# WHAT THIS TASK INVOLVES
Only the lines from the start of the data through the line containing "Le SPVM a rédigé" should be written out, exactly as they are, with both ends included and the pictures left out.

# PROVIDED DATA

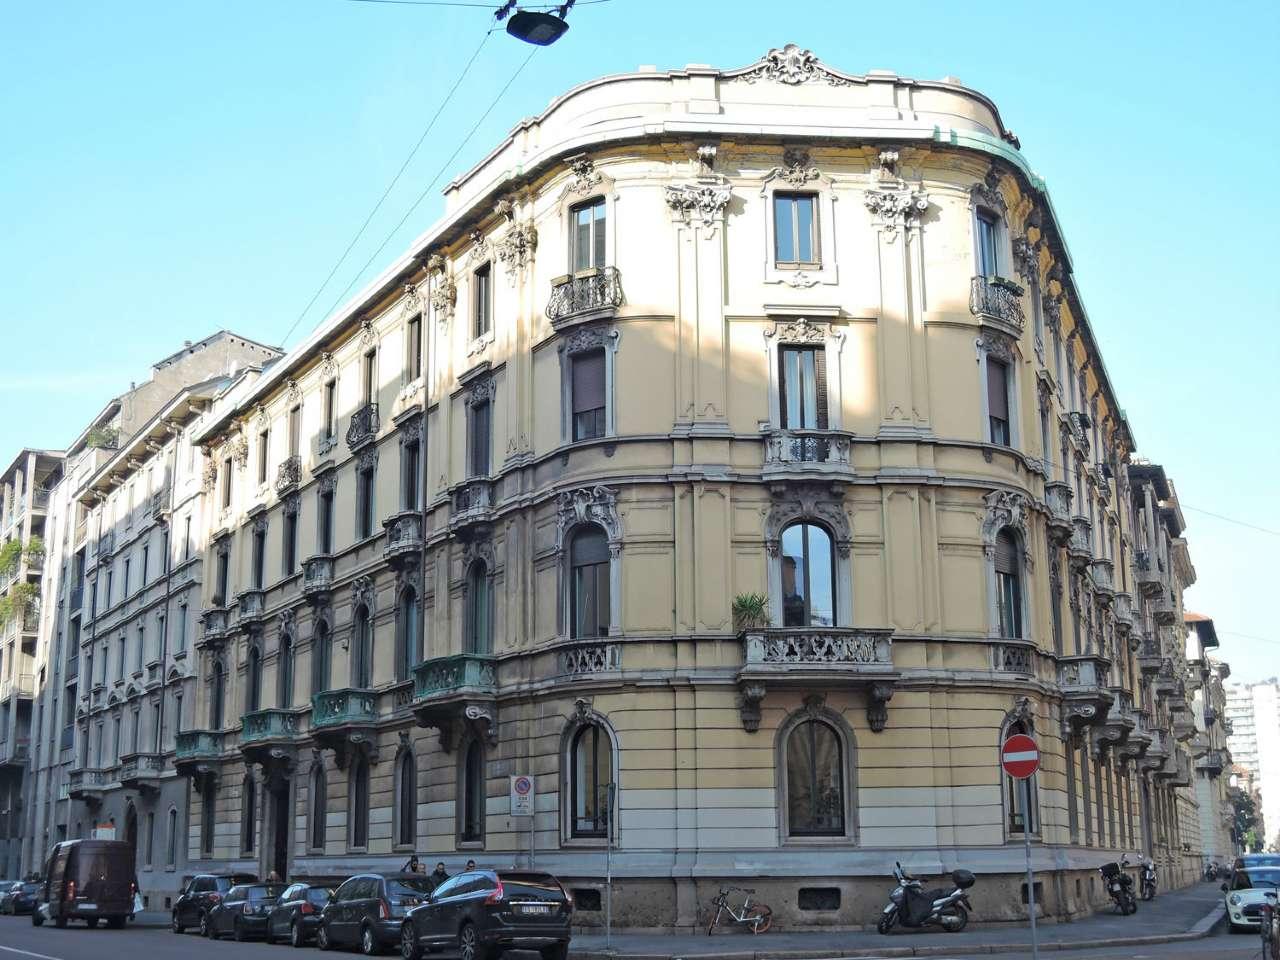 Appartamento in vendita a Milano, 5 locali, zona Zona: 1 . Centro Storico, Duomo, Brera, Cadorna, Cattolica, prezzo € 1.650.000 | CambioCasa.it
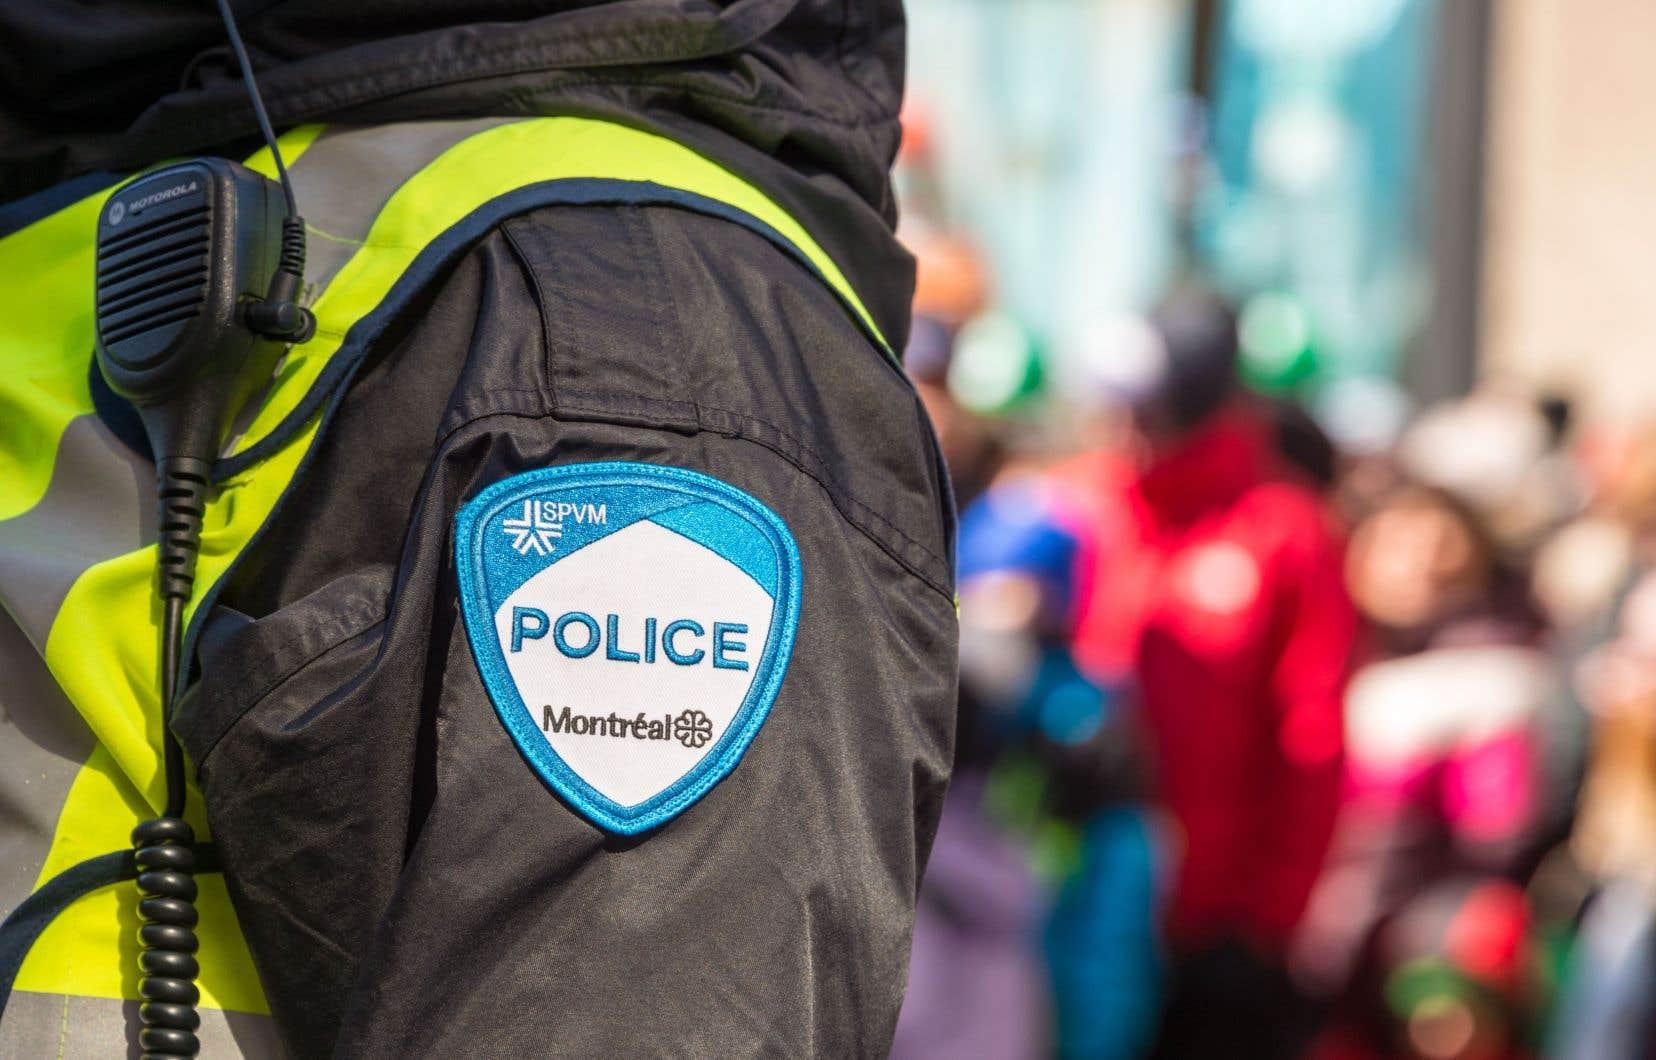 Le SPVM a rédigé 79 rapports d'infraction généraux et remis 67 constats d'infraction à des personnes qui avaient omis de maintenir une distance de deux mètres avec d'autres individus.
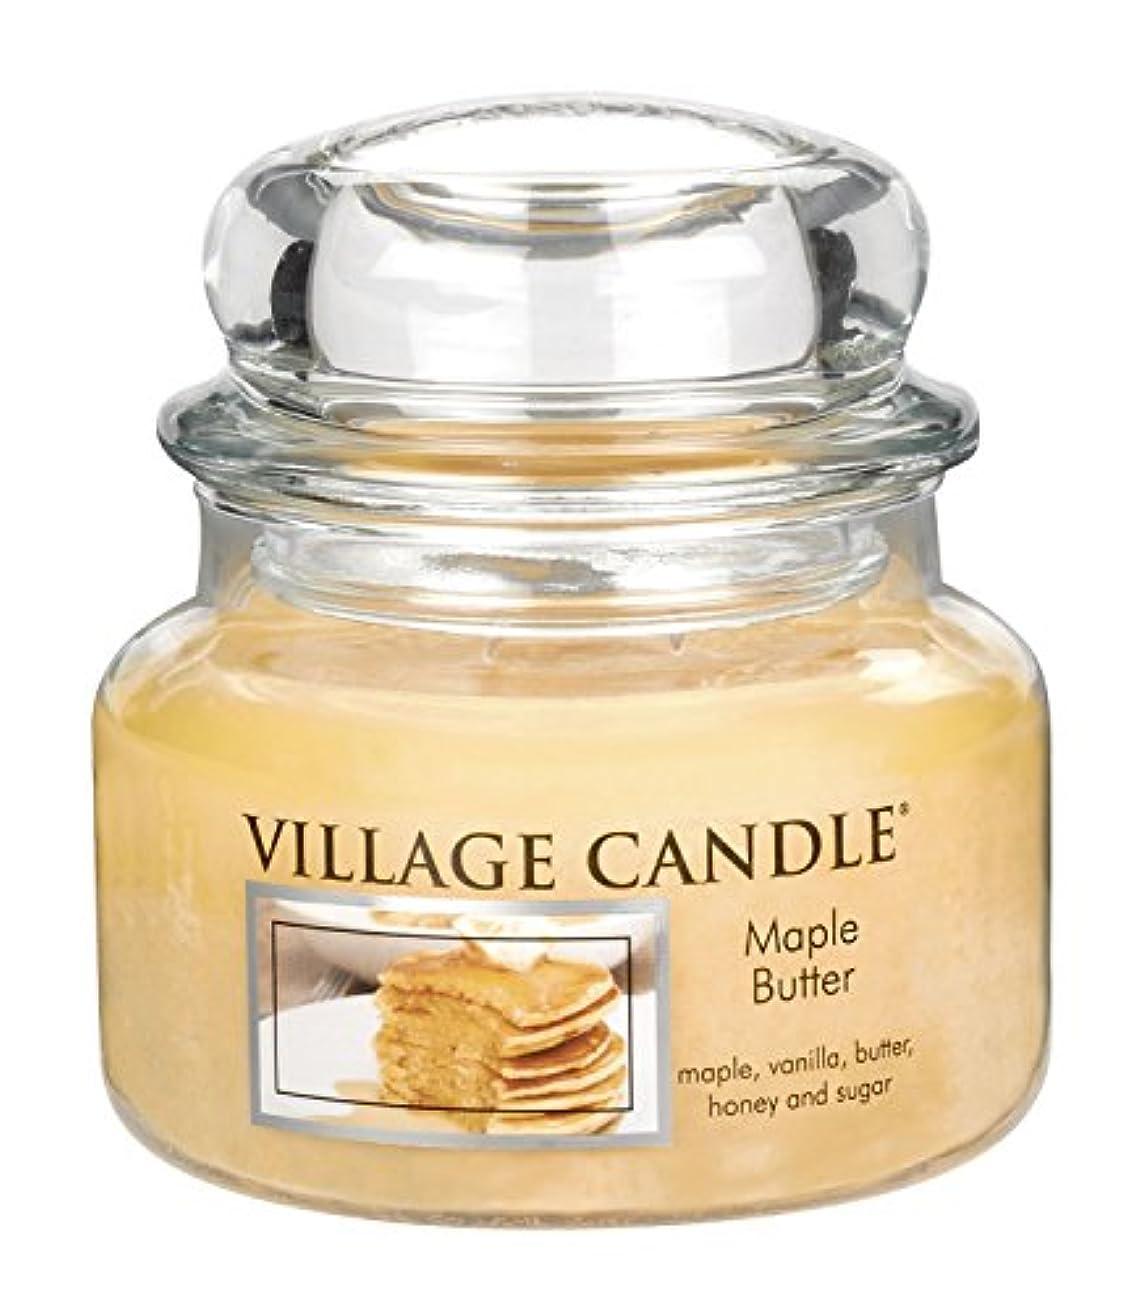 同種のトリム同種のVillage Candle Maple Butter 11 oz Glass Jar Scented Candle, Small [並行輸入品]

# SOLUTION
 Appartamento in vendita a Milano, 5 locali, zona Zona: 1 . Centro Storico, Duomo, Brera, Cadorna, Cattolica, prezzo € 1.650.000 | CambioCasa.it
 Le SPVM a rédigé 79 rapports d'infraction généraux et remis 67 constats d'infraction à des personnes qui avaient omis de maintenir une distance de deux mètres avec d'autres individus.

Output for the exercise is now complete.